In our opinion, except for the effects of the matter described in the Basis for qualified opinion section of our report:
· | the financial statements give a true and fair view of the state of the group’s and of the parent company’s affairs as at 31 December 2022 and of the group’s loss for the year then ended; |
· | the group financial statements have been properly prepared in accordance with UK-adopted international accounting standards; |
· | the parent company financial statements have been properly prepared in accordance with UK-adopted international accounting standards and as applied in accordance with the provisions of the Companies Act 2006; and |
· | the financial statements have been prepared in accordance with the requirements of the Companies Act 2006. |
Basis for qualified opinion
The financial statements of the group include direct costs amounting to £423,352, other administration expenses of £75,674, and other operating expenses of £80,961, pertaining to the subsidiary Edenville International (Tanzania) Limited. In the course of the audit, we were not provided with the necessary supporting documents to substantiate these expenditures. Consequently, we were unable to obtain sufficient appropriate audit evidence to determine whether the amounts recorded in the statement of comprehensive income and the statement of financial position are materially misstated. In the absence of supporting evidence, we were unable to evaluate the occurrence and accuracy of these amounts. As such, we were unable to determine whether any adjustments are necessary to the financial statements.
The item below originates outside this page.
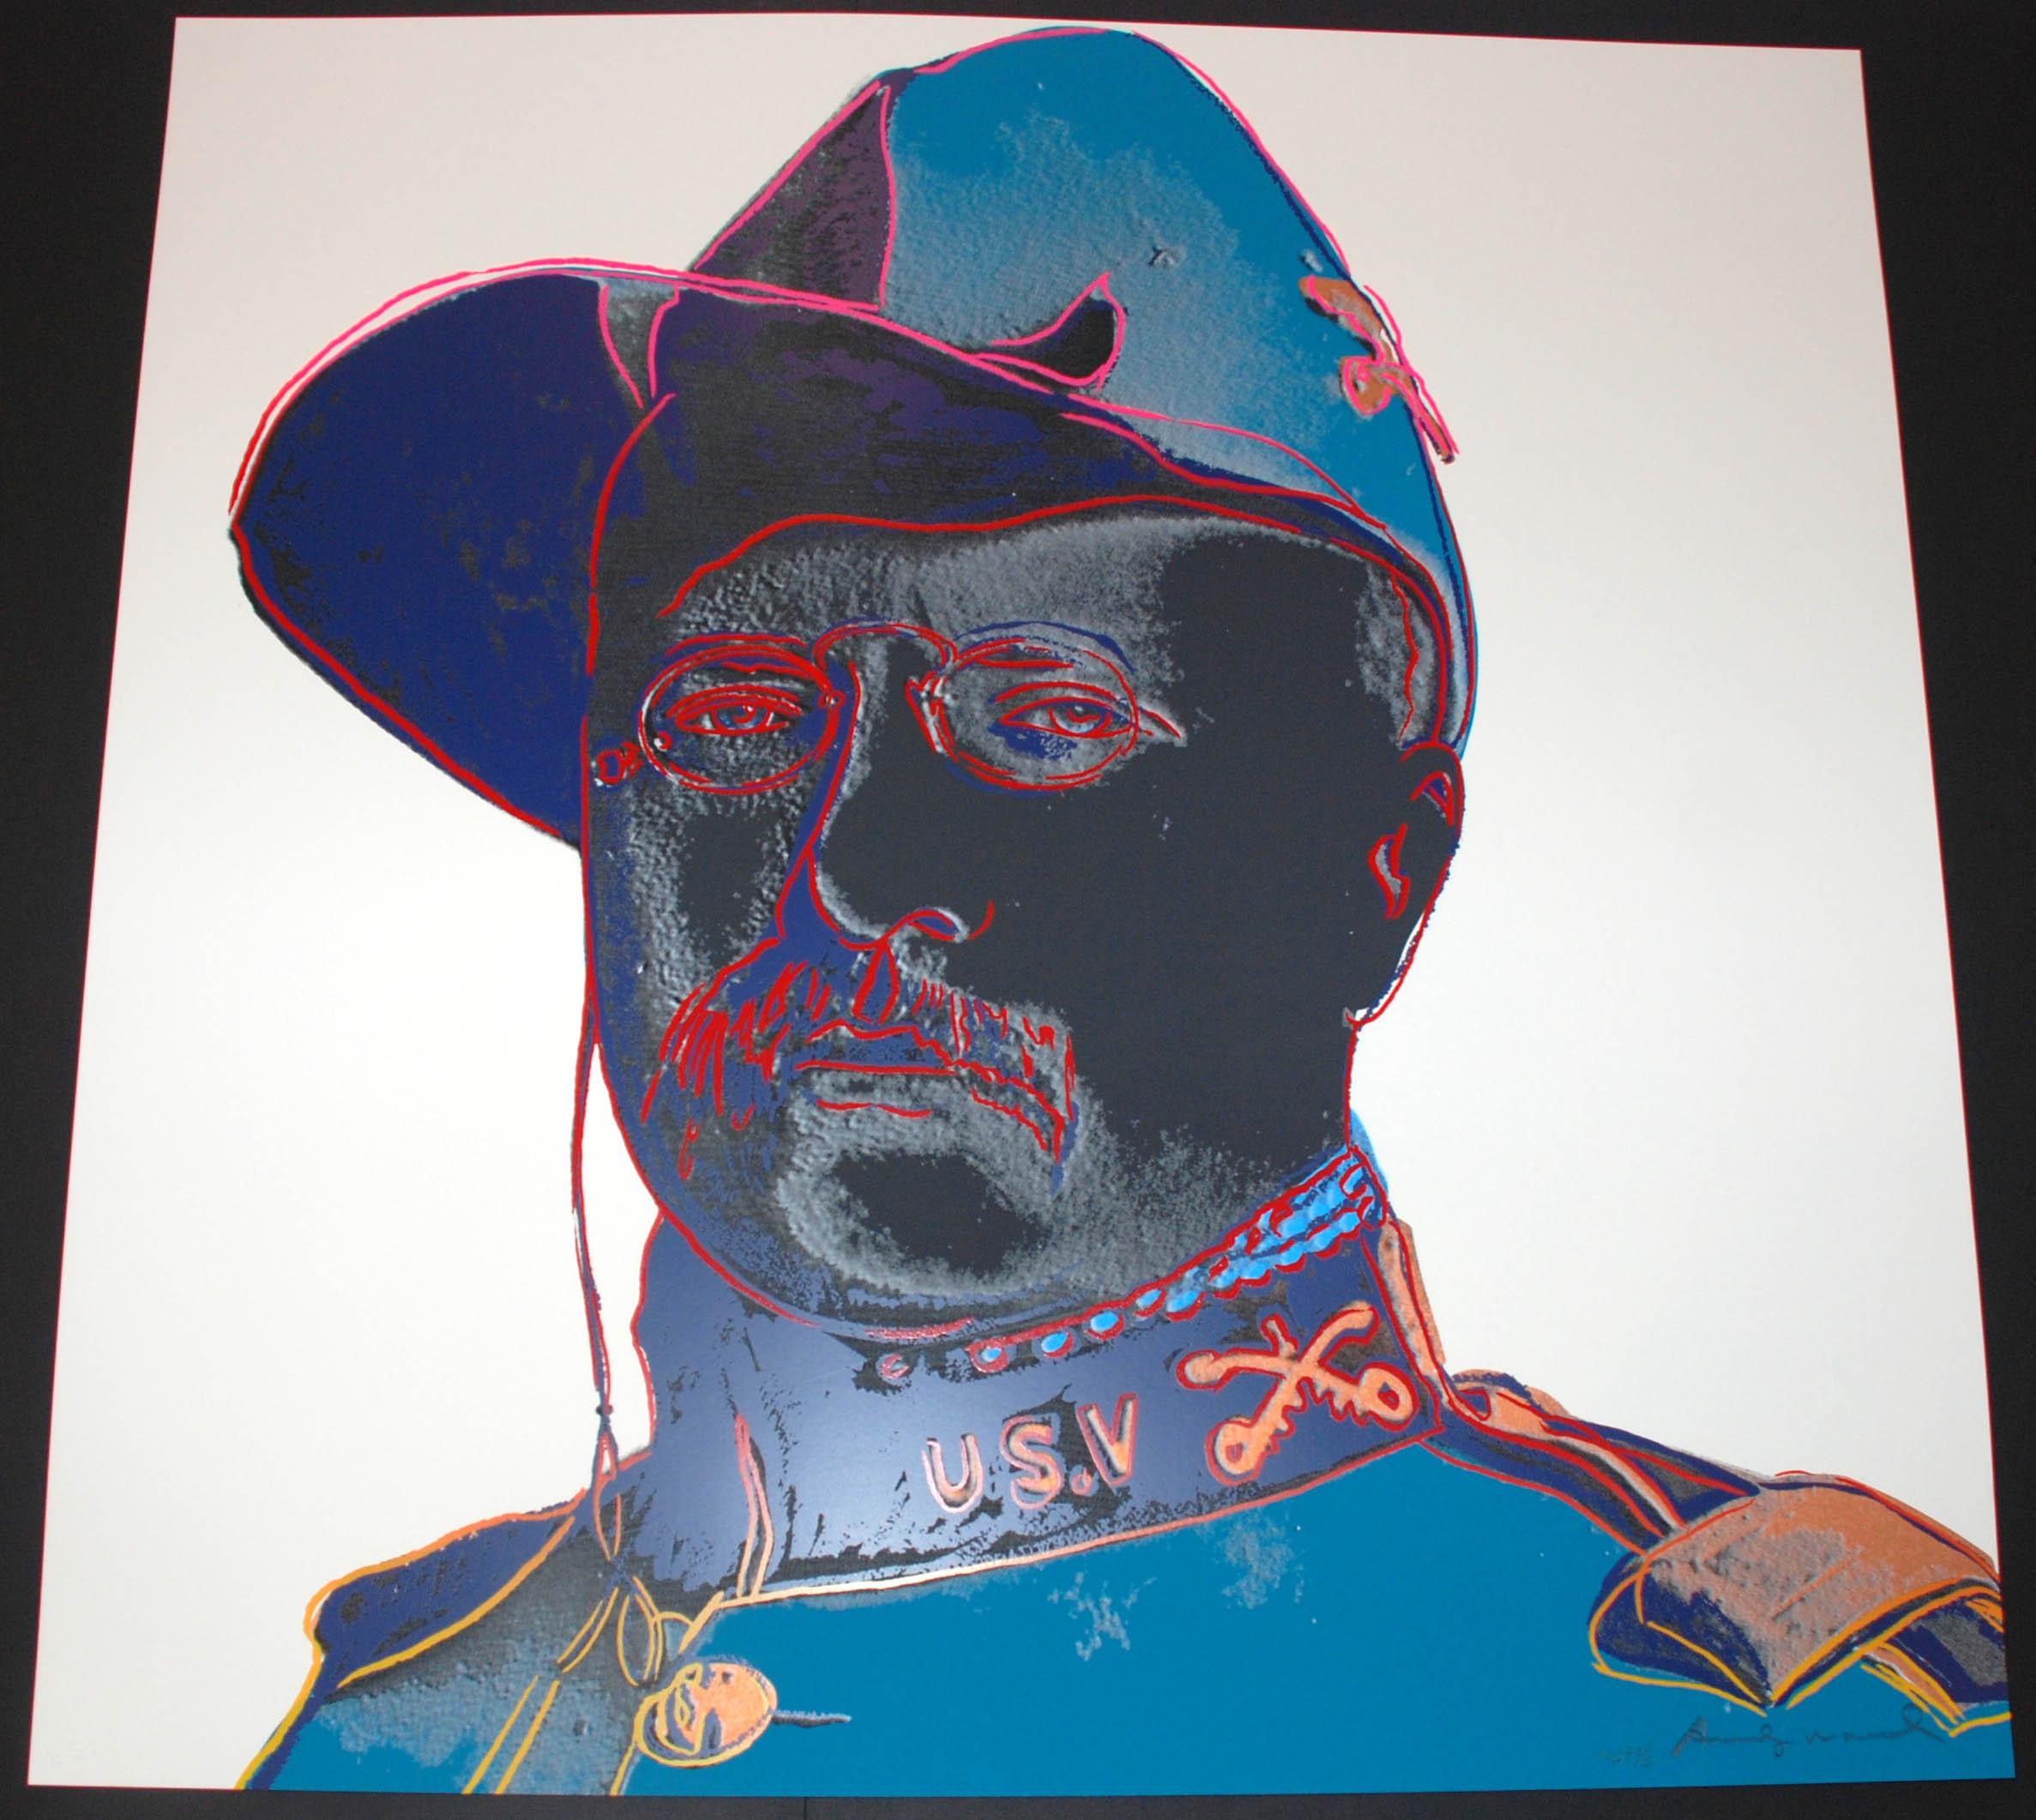 Teddy Roosevelt - Print by Andy Warhol

The financial statements of the group include a trade payables balance of £58,614, consisting of supplier balances related to the subsidiary Edenville International (Tanzania) Limited. We were unable to obtain creditor confirmations or supplier statements necessary to perform the required audit procedures to confirm accuracy and existence of these balances. As such, we were unable to determine whether any adjustments are necessary in the financial statements.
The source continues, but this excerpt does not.